А Дани почему-то смутился. Посмотрел на суфи Гару, который, казалось, ничего предосудительного не замечал.
— Они не знают дисциплины, — серьезно произнес Дани. Так всегда говорили про детей из Флорес. Каково это — без дисциплины? Смеяться, когда хочешь, говорить, что хочешь? — Суфи Гару, а я, правда, хорошенький? И что значит — «хорошенький»?
Наставнику понадобилось всего пара секунд, чтобы «перепрыгнуть» с беседы об искусстве на беседу о внешности Дани и лексиконе Флорес.
— Эта девочка сделала комплимент Вашему внешнему виду. Справедливый комплимент, — суфи Гару чуть улыбнулся уголками губ.
— А он пристойный? — засомневался Дани. Если пристойный, тогда чего она смеялась…
— Вполне, — развеял его сомнения куратор. — Уверен, в будущем Вы часто будете слышать что-то подобное. Но повторять я бы не советовал. По крайней мере, пока…
— Ааа, значит, в нем, всё-таки, есть что-то непристойное!
В глазах суфи Гару пляшут веселые искорки, и Дани кажется, что наставник вот-вот рассмеется, совсем как та девочка… Но он не смеется, потому что… Дисциплина — всегда и во всем.

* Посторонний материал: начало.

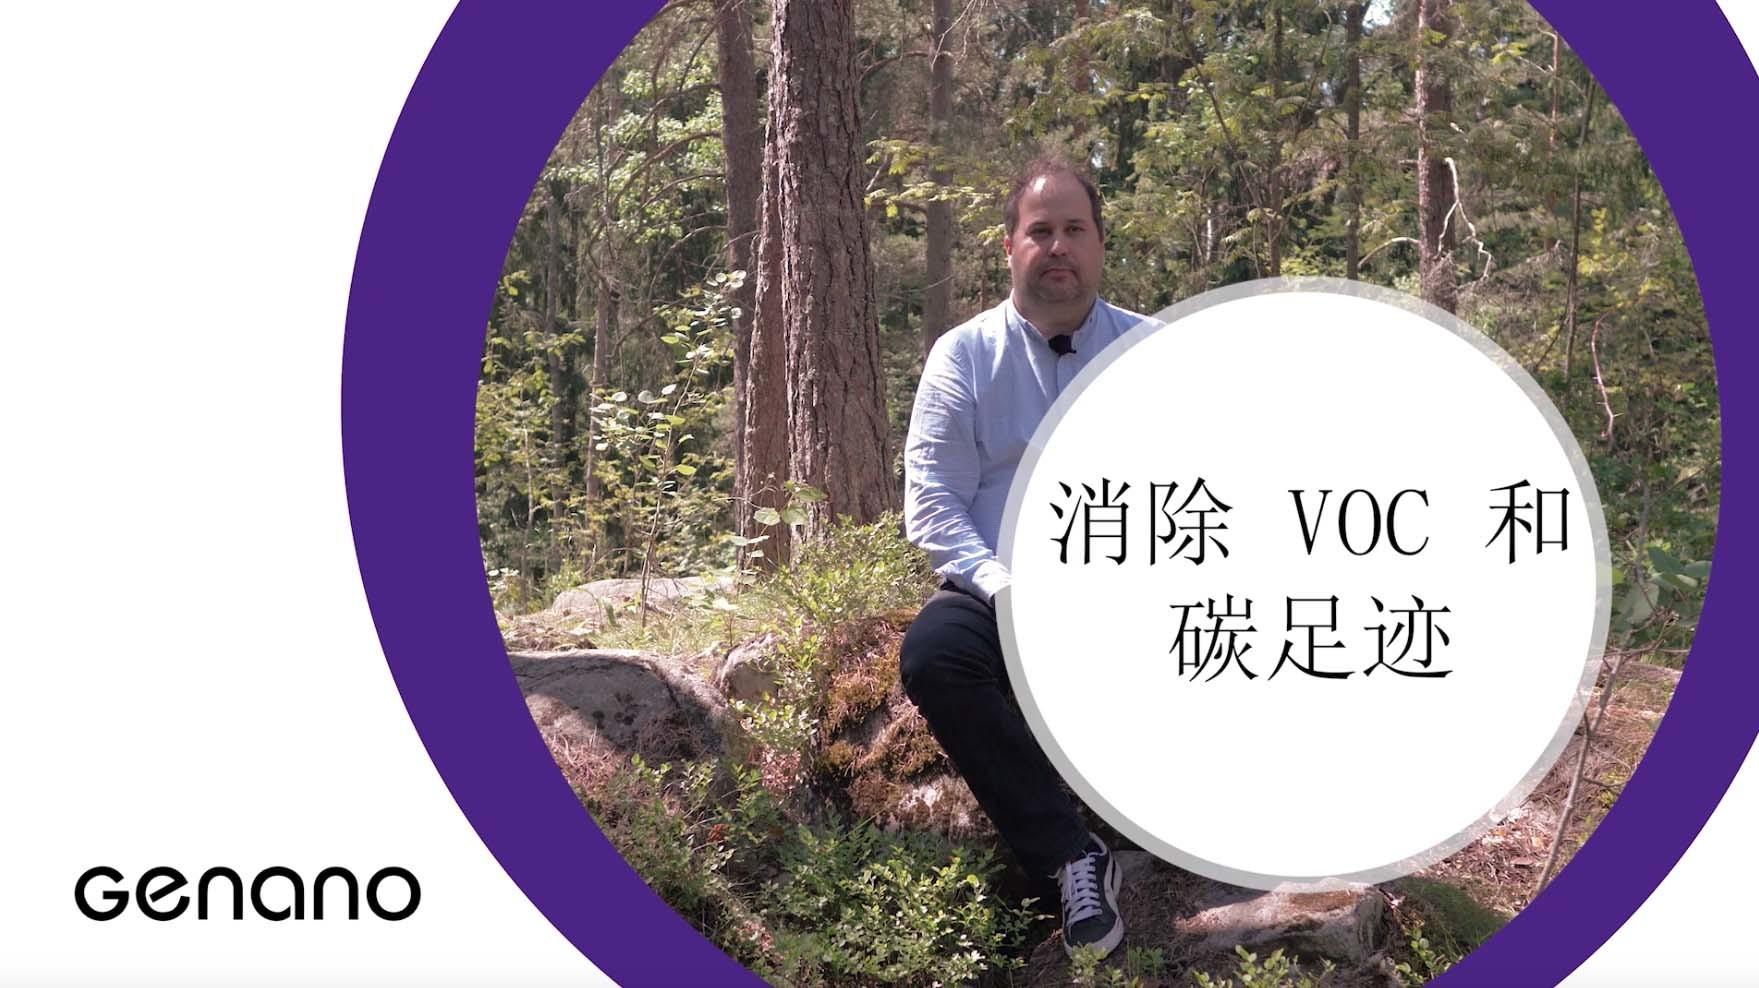 VOC_final_HD_CN

… Зал был полон: богема, щеголяющая экзотическими нарядами и прическами, дельцы и высшие чиновники из Серого Города, даже кое-кто из Амирата… Анж Нуар, «Тысячеликий», выступал всего два раза в год, и каждый его концерт был важным событием в культурной жизни Элпис.
Если бы суфи Гару не рассказал про Тысячеликого, Дани вряд ли поверил бы, что на сцену всё время выходит один и тот же человек. У Анж Нуар были уникальные связки — результат сложнейшего и весьма рискованного эксперимента с «ф-про», — поэтому голос его менялся до неузнаваемости. К каждой песне подбирались свои, особые декорации и костюмы. Но, самое главное, — певец каждый раз выходил на сцену с новым лицом. Сделанные на заказ маски тоже были уникальной и сложной работой. И песни были — словно истории, рассказанные разными людьми, — веселые, печальные или даже страшные, но всегда интересные.
— Столько лиц… и все не настоящие… А как он на самом деле выглядит? — шепотом осведомился Дани у наставника.
— Об этом, мой любознательный ученик, Вы сможете спросить у него сами. После концерта.
… Фруктовый напиток в театральном ресторане был гораздо вкуснее, чем те, что Дани привык пить дома. Сладкий… Мальчик ерзал в своем кресле, ему было очень трудно сидеть прямо и с достоинством — как положено — и не оглядываться постоянно на вход: ему не терпелось увидеть настоящее лицо Тысячеликого. Когда, наконец, вошел Анж Нуар, окруженный толпой поклонников, Дани даже дернул наставника за рукав, что было вопиющим нарушением этикета.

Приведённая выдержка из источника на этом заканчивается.